If you live in an area with mostly renewable energy, and your baby sleeps in the same room as you, and you don’t buy a bigger car and don’t use your ordinary car any more than usual, and you breastfeed...actually your carbon footprint isn’t that much bigger.

As I understand it, fertility rates are highest in developing countries and those children hardly damage the environment at all.

It’s having children in developed countries, and enlarging an already wasteful lifestyle, that is damaging the environment.

I live in hope that raising children to be mindful of waste and pollution and what constitutes a sustainable lifestyle, will mean that there is a generation after us that is more committed and aware of the problems that lie ahead.

People like to laugh at climate science deniers, but at the same time of you look at what they are prepared to change in their own lives, in response to the evidence presented by climate scientists, you’d think it really was fake news

There’s a lot of “oh I need....” and “it’s no big deal....” “it’s not really my contribution that counts...”

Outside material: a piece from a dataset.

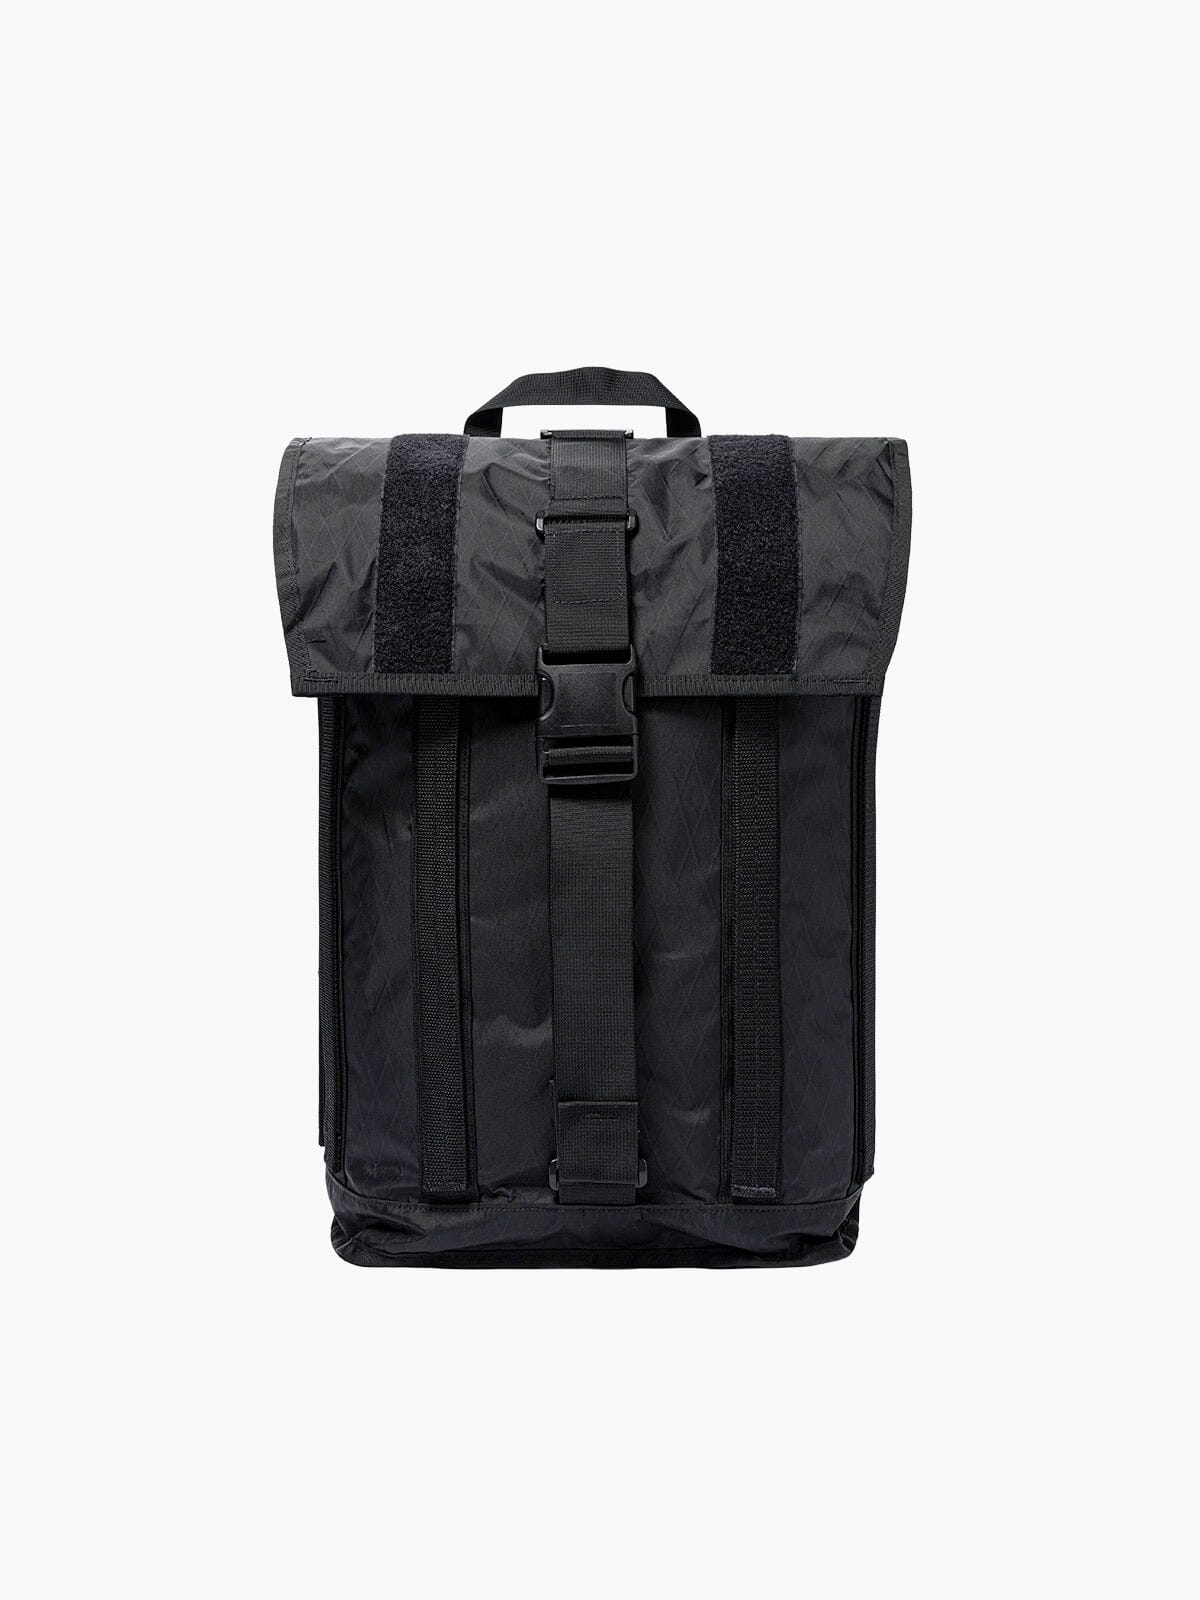 R6 Arkiv Field Pack 40L by Mission Workshop - Weatherproof Bags & Technical Apparel - San Francisco & Los Angeles - Built to endure - Guaranteed forever

Well, whatever people need to tell themselves, I guess. I mean, I totally ******* myself in that group. I make terrible decisions all the time. But I don’t laugh about it and call people crazy when they call me out for it, I guess is the difference
I would actually say that any choice you make personally to reduce, reuse, recycle, etc. is more about feeling like you as a person are being moral and doing the right thing than actually making a difference. D is right. Big corporations are to blame, and then they sell the public on the idea that you can "make a difference" by using less straws and stuff.

I want to elaborate that I am very much in favor of reducing, reusing, and recycling in any way possible, and I think everyone should try to do as much as they can... but I think it's more about saving our souls so to speak than actually doing something positive for the world. If that was our concern, people would just not have children.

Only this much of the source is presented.